In the data below, find the line containing "Đền Ba Voi ở", then set down that line and every later line up to and including the line containing "Case Logic Reflexion", exactly.
Extracted information below:
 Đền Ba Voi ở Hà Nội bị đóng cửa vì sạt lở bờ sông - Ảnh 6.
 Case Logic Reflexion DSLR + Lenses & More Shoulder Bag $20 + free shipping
End of Extracted information.
Extracted information below:
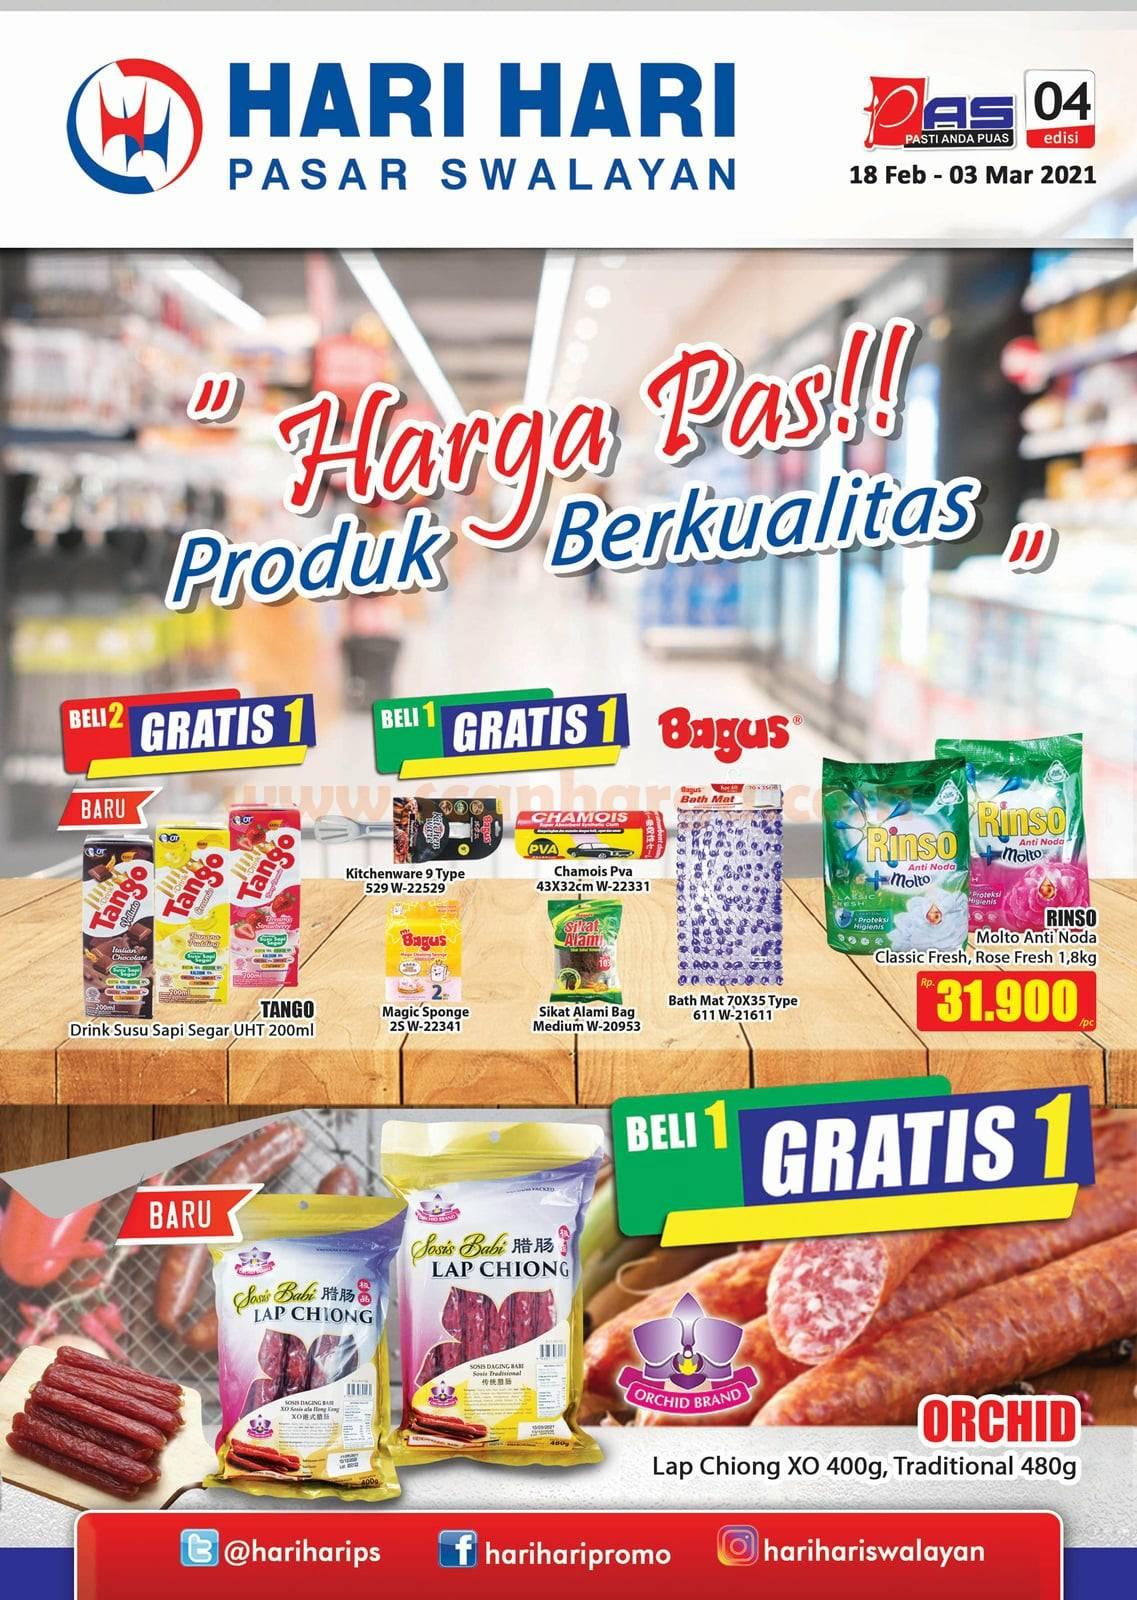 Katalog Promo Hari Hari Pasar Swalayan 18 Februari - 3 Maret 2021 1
End of Extracted information.
### Result for this exercise:
 Đền Ba Voi ở Hà Nội bị đóng cửa vì sạt lở bờ sông - Ảnh 6.
 Case Logic Reflexion DSLR + Lenses & More Shoulder Bag $20 + free shipping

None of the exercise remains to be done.